Content starts

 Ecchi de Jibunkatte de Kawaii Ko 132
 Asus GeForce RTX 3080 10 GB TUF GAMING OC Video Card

Content ends
Content starts

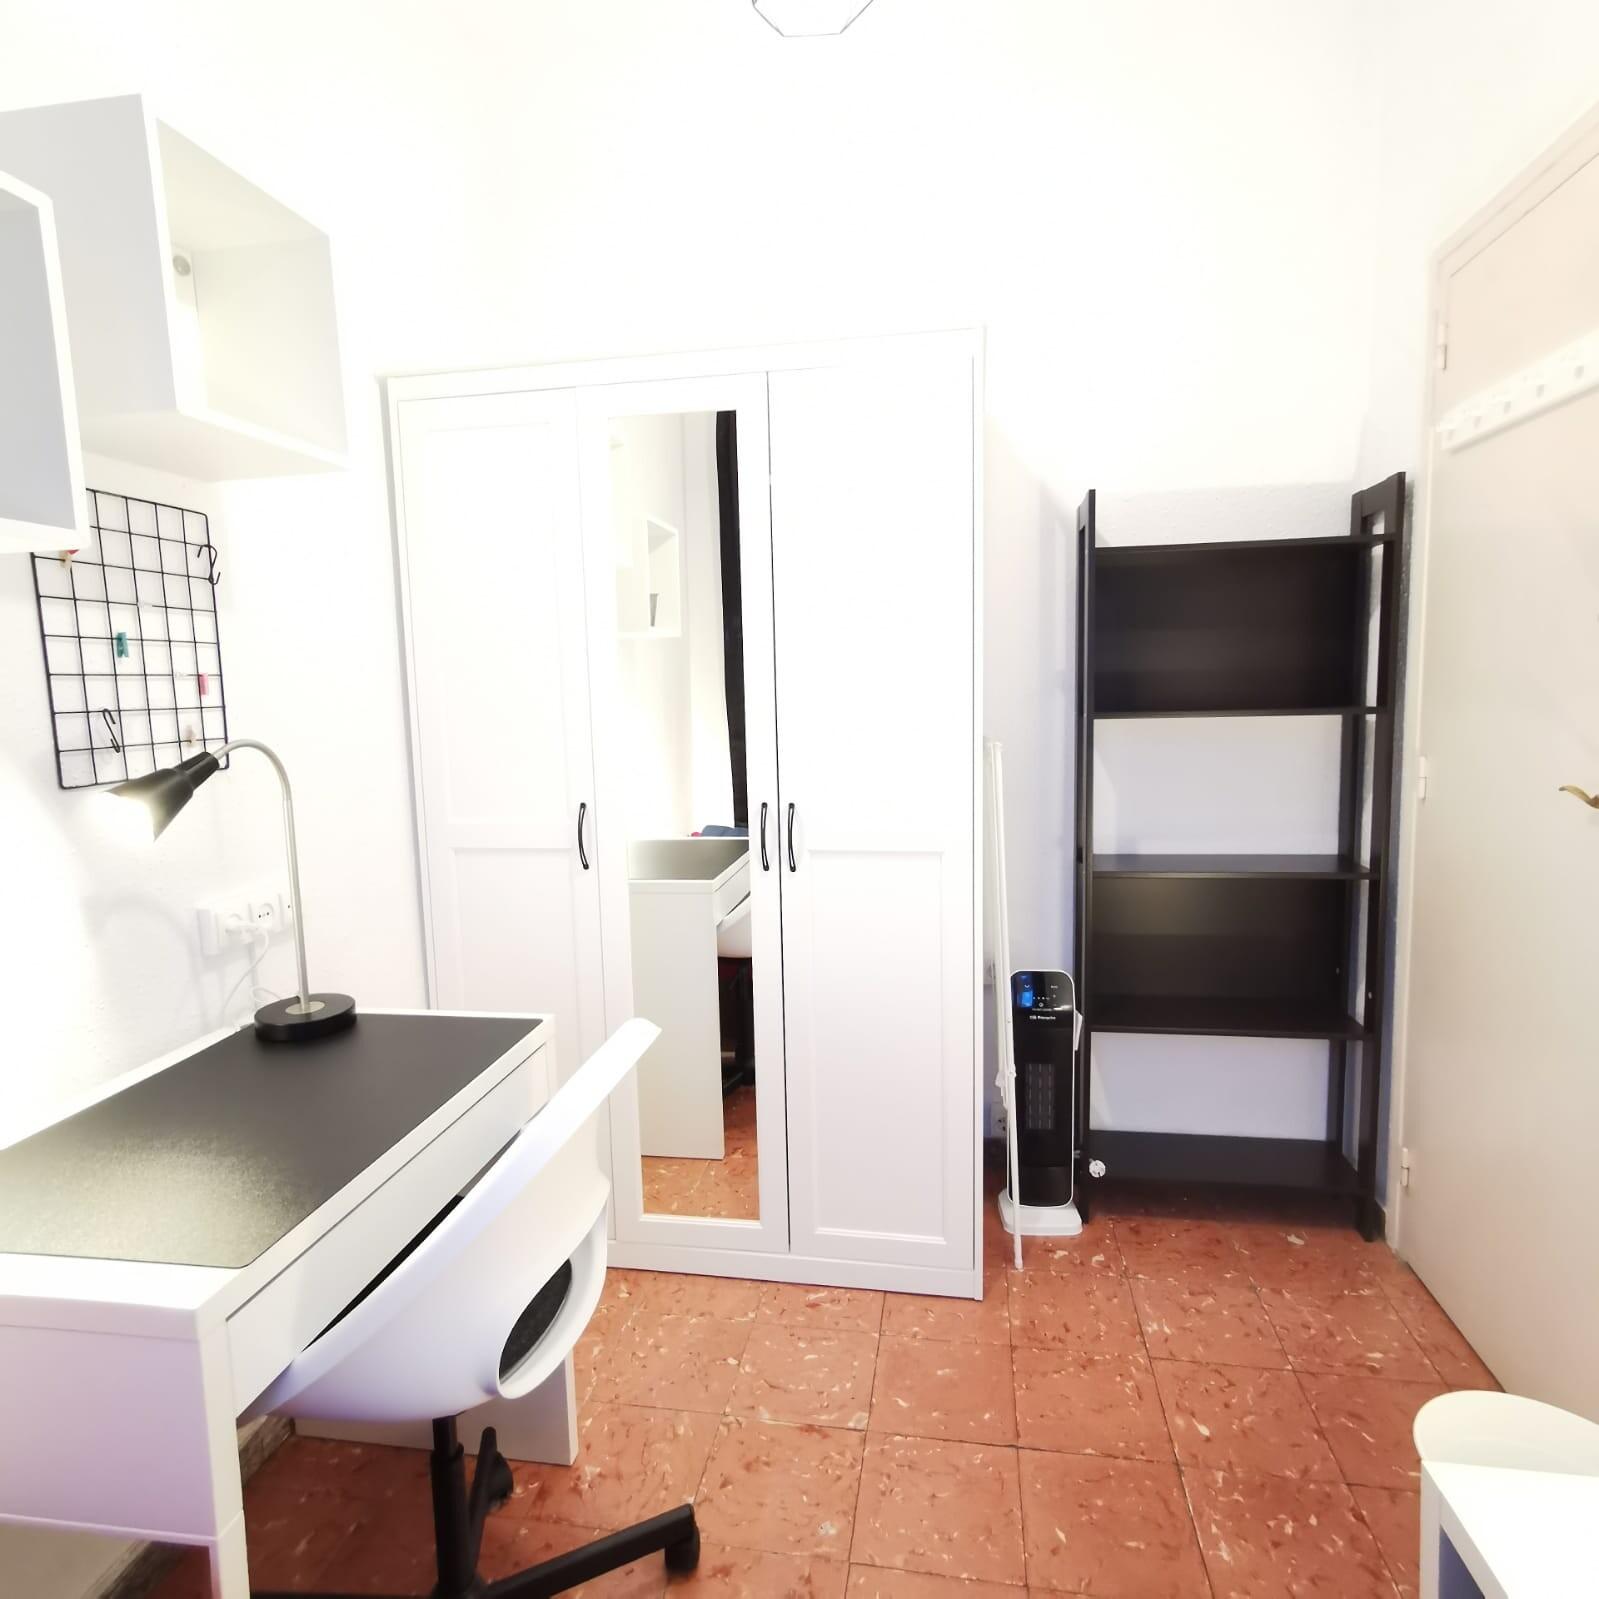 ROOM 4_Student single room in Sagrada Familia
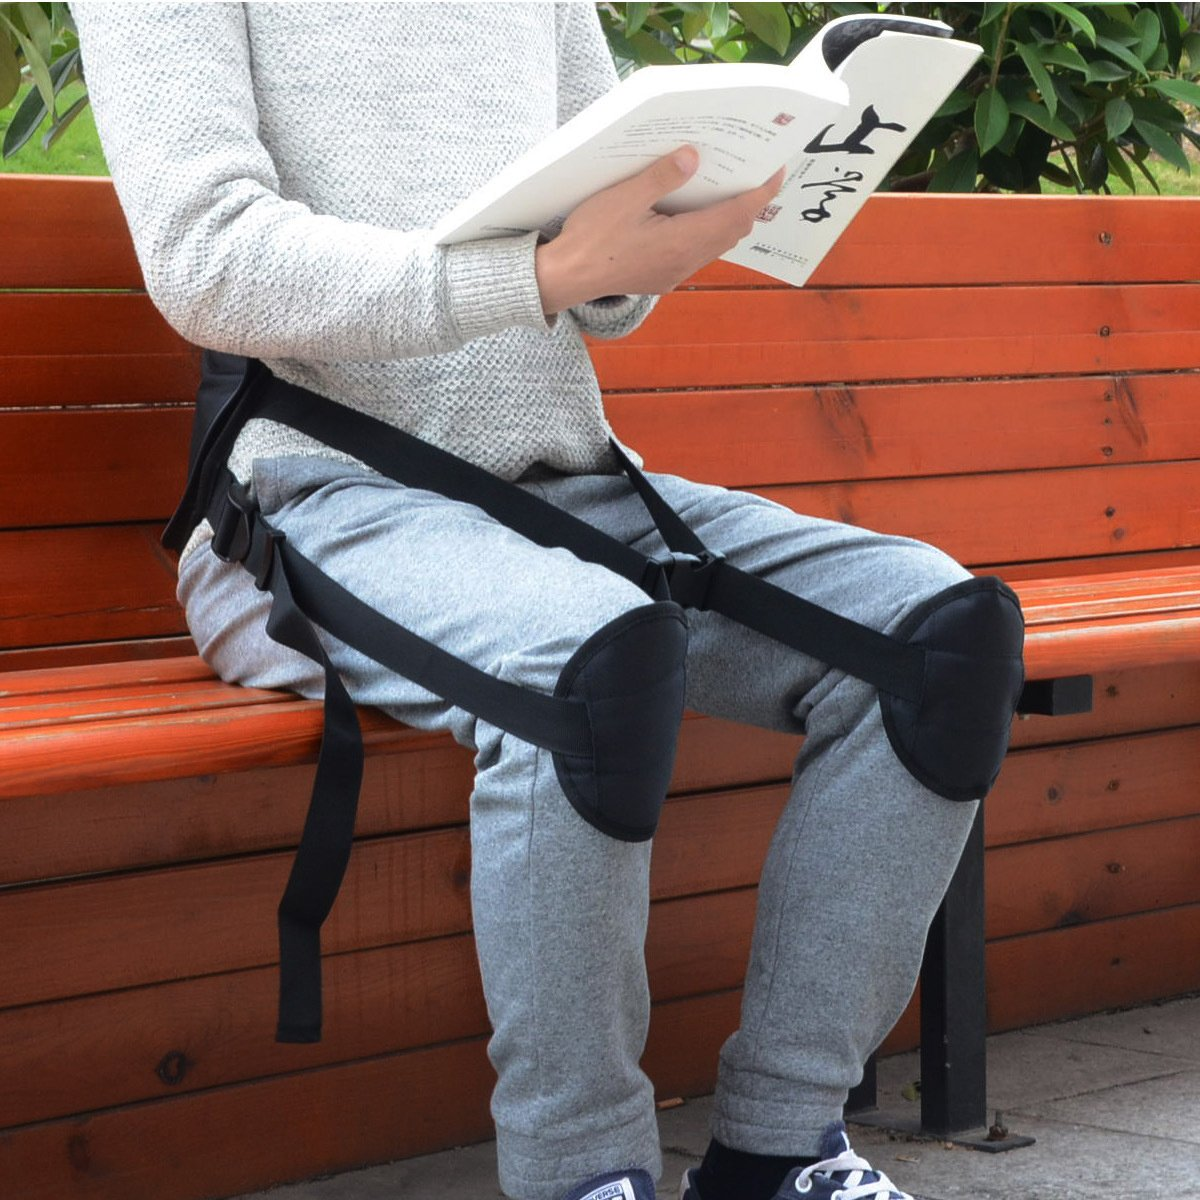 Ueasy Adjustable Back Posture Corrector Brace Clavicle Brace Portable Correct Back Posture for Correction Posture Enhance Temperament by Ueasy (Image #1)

Content ends

- _WHAT YOU NEED TO DO_
Using the data above, give again exactly the lines starting at the one holding "ROOM 4_Student single" and ending at the one holding "Ueasy Adjustable Back", inclusive, and nothing more. Omit the pictures.

- _EXERCISE ANSWER_
 ROOM 4_Student single room in Sagrada Familia
 Ueasy Adjustable Back Posture Corrector Brace Clavicle Brace Portable Correct Back Posture for Correction Posture Enhance Temperament by Ueasy (Image #1)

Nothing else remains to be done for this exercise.